The Advisory Law Commission of Cuba (Comisión Consultiva), established on December 24, 1906, was a temporary law commission under the Provisional Government of Cuba. The commission was created by Provisional Governor William Howard Taft, but largely presided over by his successor, Provisional Governor Charles Edward Magoon. Its primary objective was to draft and revise laws to modernize Cuba's legal framework, which was then based on outdated Spanish legislation from 1877 that centralized control at the national level.

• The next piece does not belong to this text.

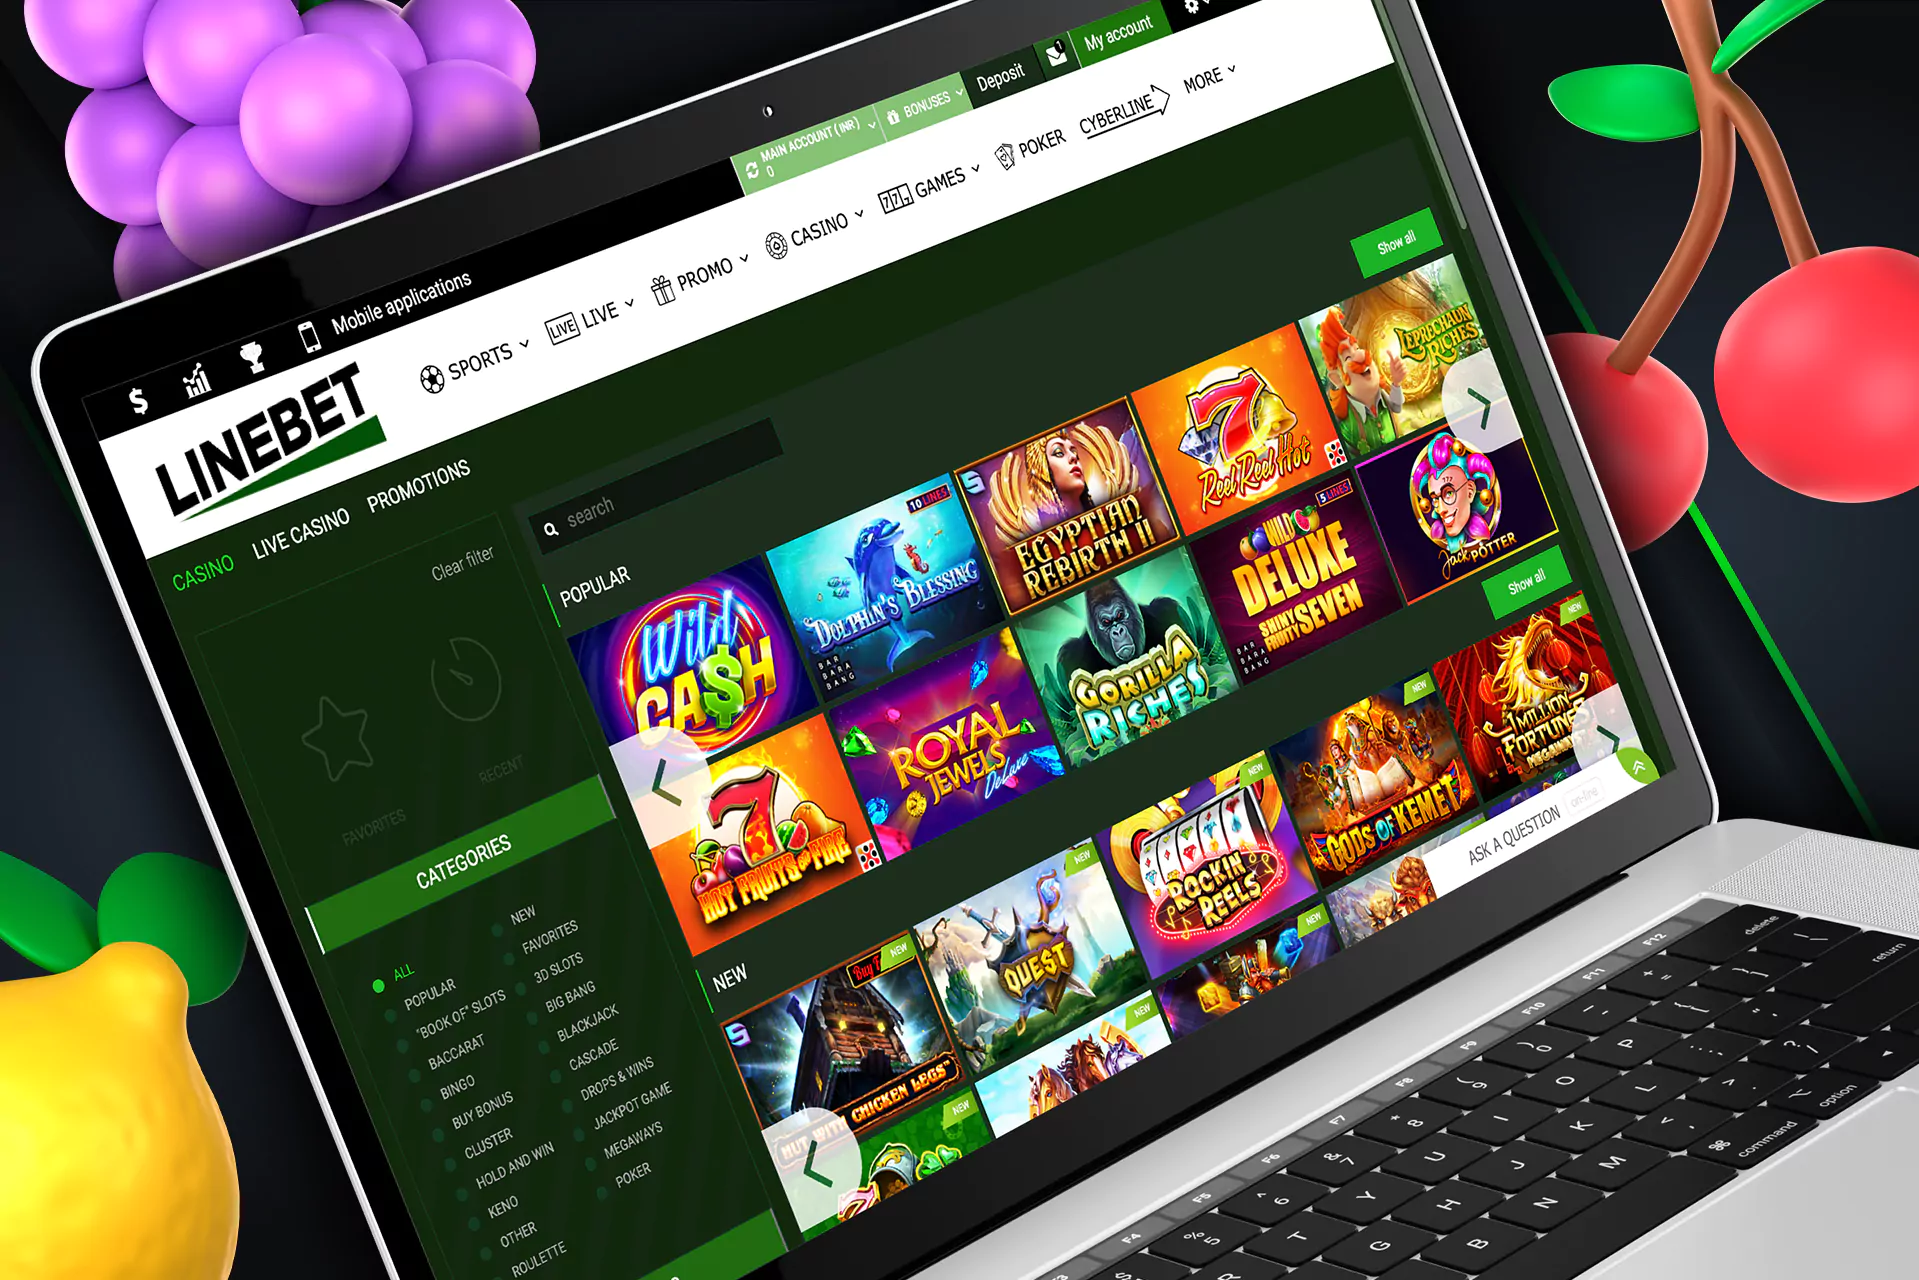 There is a wide range of well-known slots in the Linebet casino.

The Advisory Law Commission played a crucial role in structuring nearly every part of the Cuban government. Its contributions were, in the words of the Bulletin of the International Bureau of the American Republics; "as important and far-reaching as was the drafting of the Constitution itself," as they were necessary to implement the Constitution effectively.

One of the Commission's significant contributions was the drafting of a new municipal law, adopted on January 24, 1908. This law aimed to decentralize administrative powers, granting greater autonomy to municipal governments and reducing the centralization that had characterized the previous legal framework. The efforts of the Advisory Law Commission were instrumental in transitioning Cuba's legal system from its colonial past to a more modern structure, laying the groundwork for future legal and administrative reforms in the Republic of Cuba.

The commission also developed an electoral code that introduced universal male suffrage, while at the same time limiting eligibility for public office to literate Cuban citizens. Additionally, it played a role in judicial reform by creating a legal framework that ensured the judiciary branch's independence, breaking away from the colonial-era system where the courts had been under the control of the executive branch.

== Members ==
Membership of the commission was composed of 12 members overall, with three representatives from the United States, and nine Cuban lawyers, from different political backgrounds. When the Advisory Council of eleven members was established, with General Enoch H. Crowder as chairman, it was predominantly composed of Liberals. Only two "Conservatives" were included, along with one member whose political affiliations were uncertain.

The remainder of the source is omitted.